A rare case of congenital aneurysm of the portal system at l
A 20-years-old male presented to the emergency room with persistent abdominal pain. On physical examination, the pain was localized to the upper quadrants, however, the abdomen was treatable, and no other particular clinical signs were disclosed. The patients did not have prior clinical records. The patient underwent ce-CT of the chest and abdomen, which disclosed a huge aneurysmatic dilatation involving the portal trunk (axial diameters 30 × 40 mm), the distal splenic vein (axial diameters 37 × 39 mm) and the distal tract of both superior and inferior mesenteric vein (respectively SMV and IMV), complicated by a massive thrombosis extending to the main intra-hepatic portal branches. Moreover, the following findings were observed: enhancement of vasa vasorum of the portal walls, porto-systemic shunts characterized by vicariant activation of the capsular venous branches with an enlarged right hepatic vein, splenomegaly with longitudinal diameter of 15 cm, pancreatic tail structural changes characterized by poor glandular representation and large intra and extra-glandular fluid collections. As a result, a therapy with low-molecular-weight heparin (LMWH) was adopted. Nine days later, the follow up ce-CT confirmed the previous findings except for partial peripheral re-habitation of spleno-portal thrombosis and the activation of peri-portal cavernomatosis.
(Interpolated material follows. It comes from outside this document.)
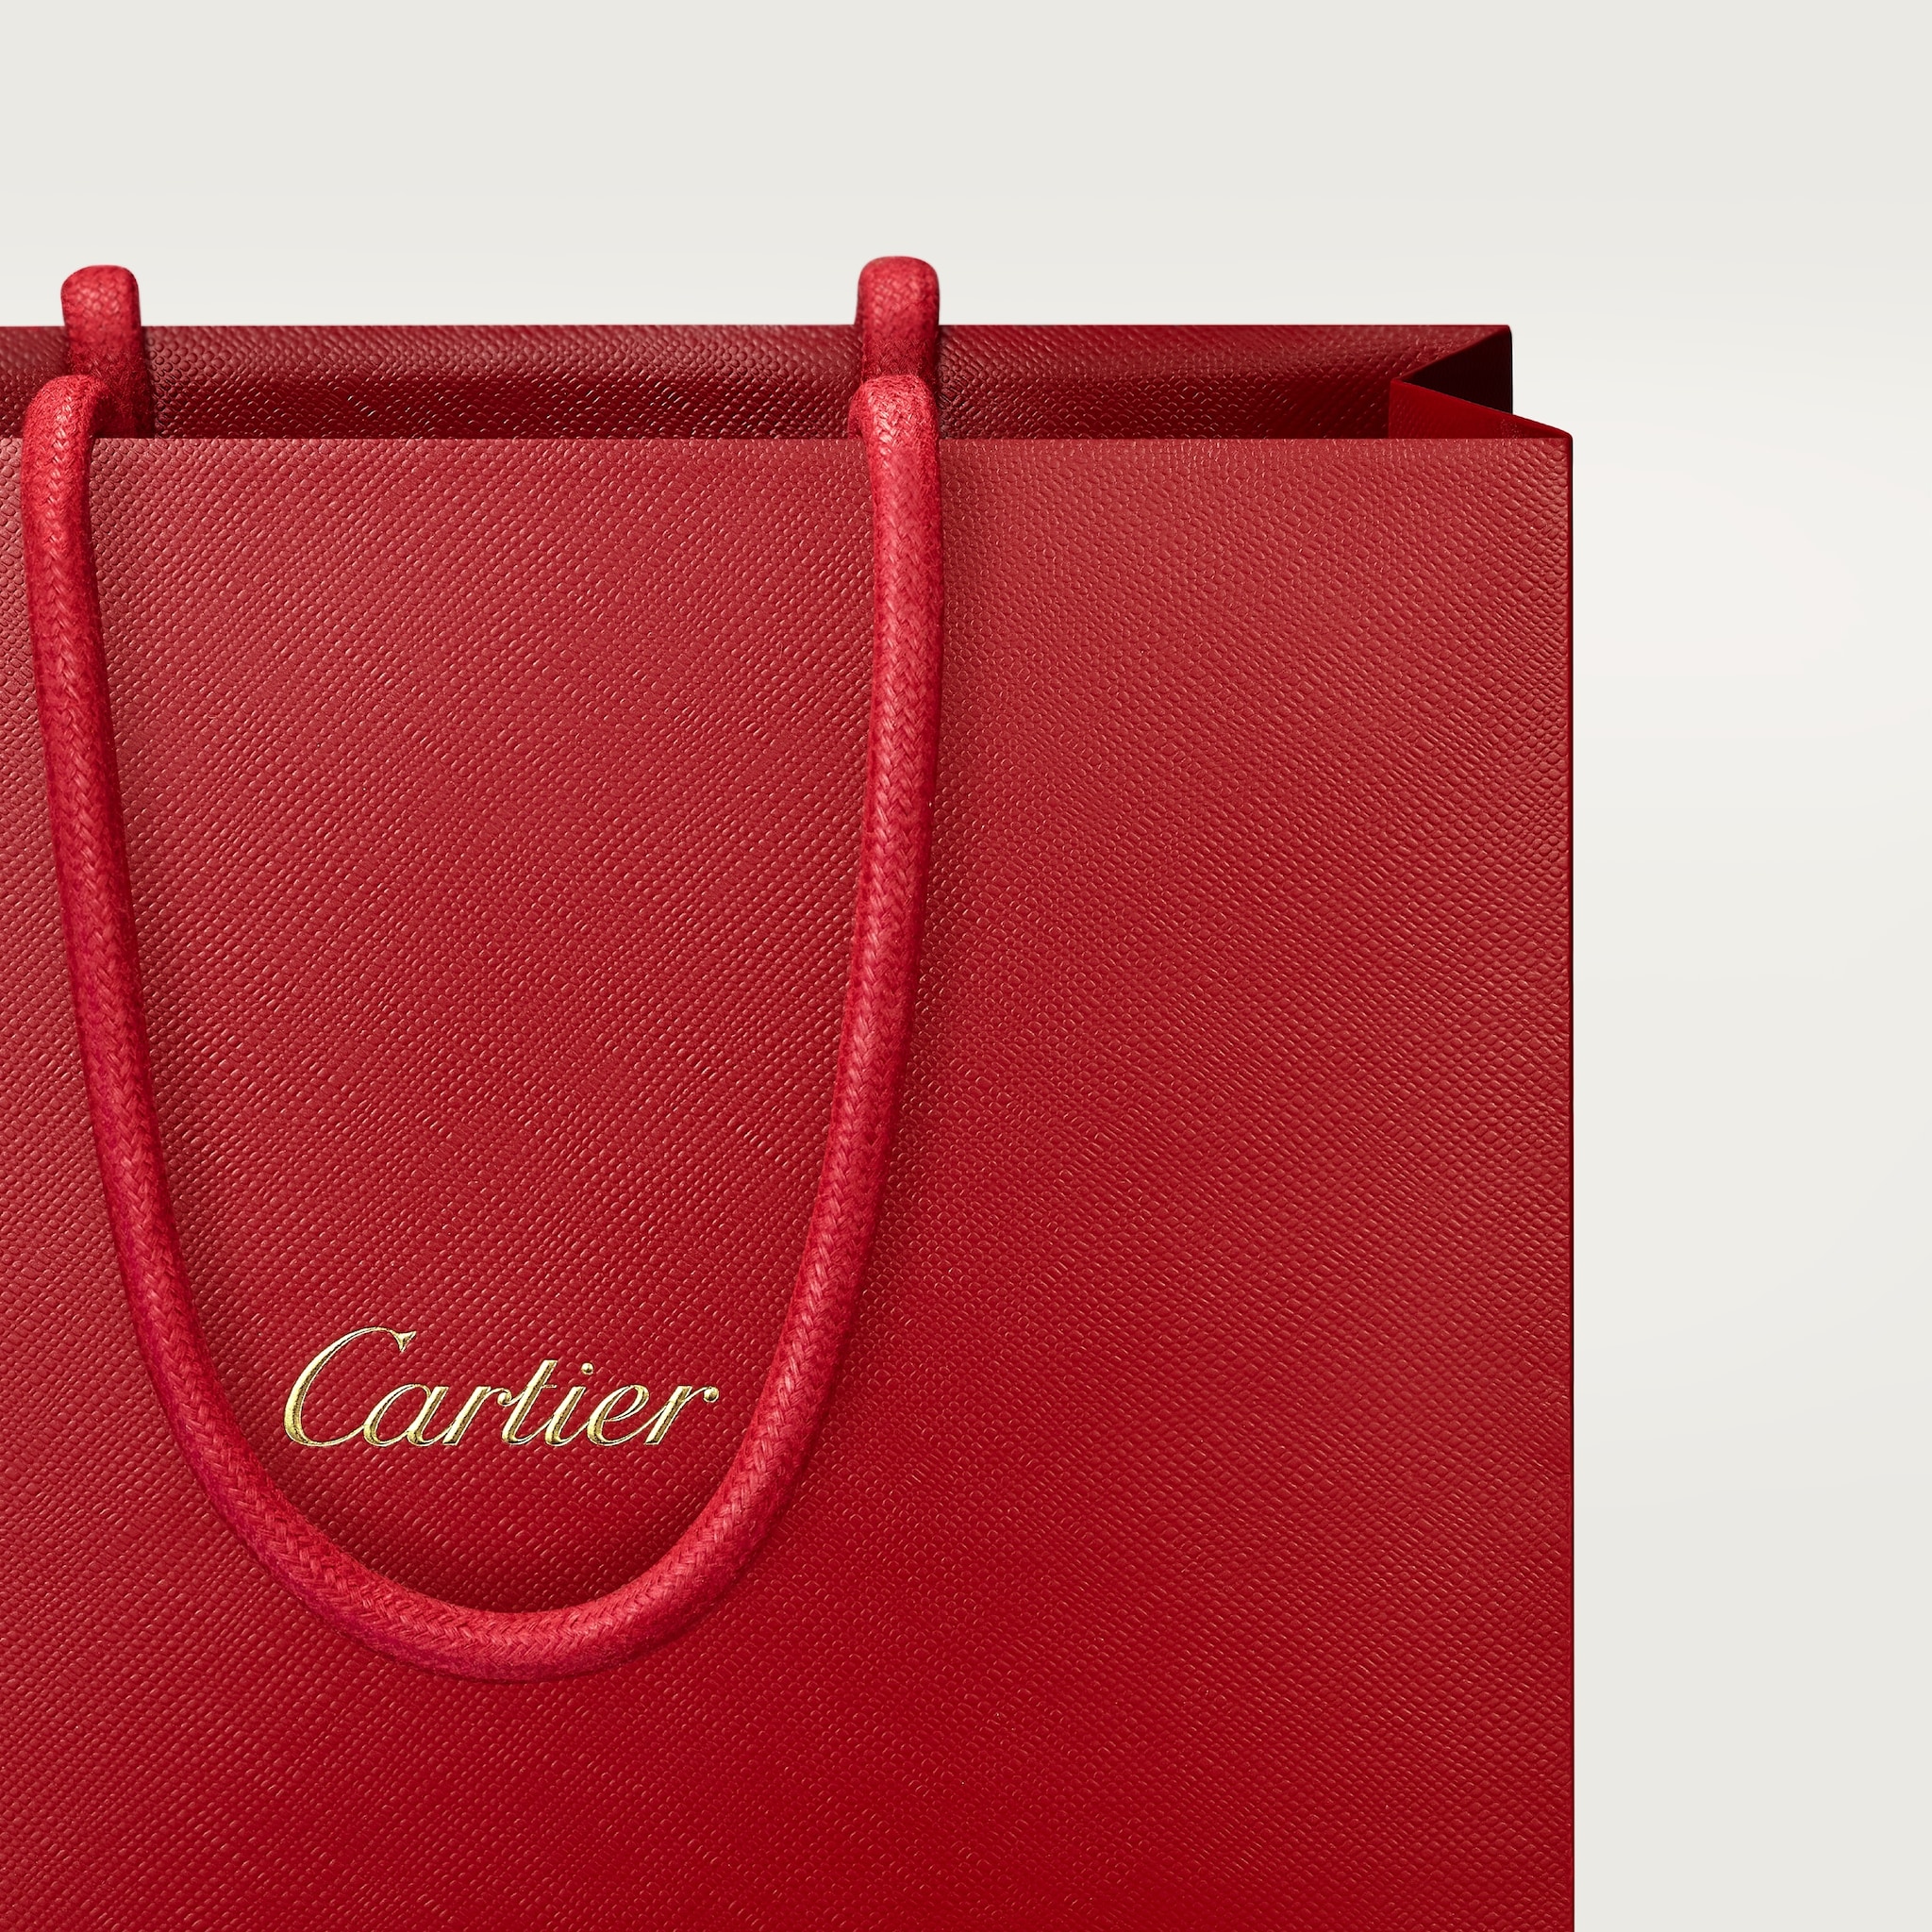 Cartier Characters沙滩巾棉质

During the hospitalization, the physicians excluded the presence of previous causes of acquired portal venous aneurysm including acute, and chronic pancreatitis on the base of the unremarkable clinical history, as well as, of thrombophilic diseases on the base of an unremarkable panel for genetic, immunologic, and serum coagulation disorders. As a consequence, the hypothesis of congenital aneurysm complicated by superimposed thrombosis was proposed; the pancreatic findings were interpreted as secondary to portal venous chronic pathology rather than the cause.
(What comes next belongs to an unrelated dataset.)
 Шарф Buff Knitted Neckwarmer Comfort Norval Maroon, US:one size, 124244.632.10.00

Fifteen days later the patient was discharged recommending anticoagulant home therapy. After 3 months, the patient underwent a contrast enhanced MRI of the abdomen, which disclosed a complete recanalization of the porto-spleno-mesenteric aneurysm. Subsequently, after 6 months, the anticoagulant therapy was suspended. Unfortunately, 25 days later, the patient returned to the emergency room for the onset of intense abdominal pain. The ce-CT documented the extensive thrombotic recurrence of the porto-spleno-mesenteric aneurysm. The pancreatic findings were stable respect to the previous CT scans. Currently, the patient is asymptomatic under chronic therapy with new oral anticoagulants (NOACs), and undergoes periodic clinical follow-up.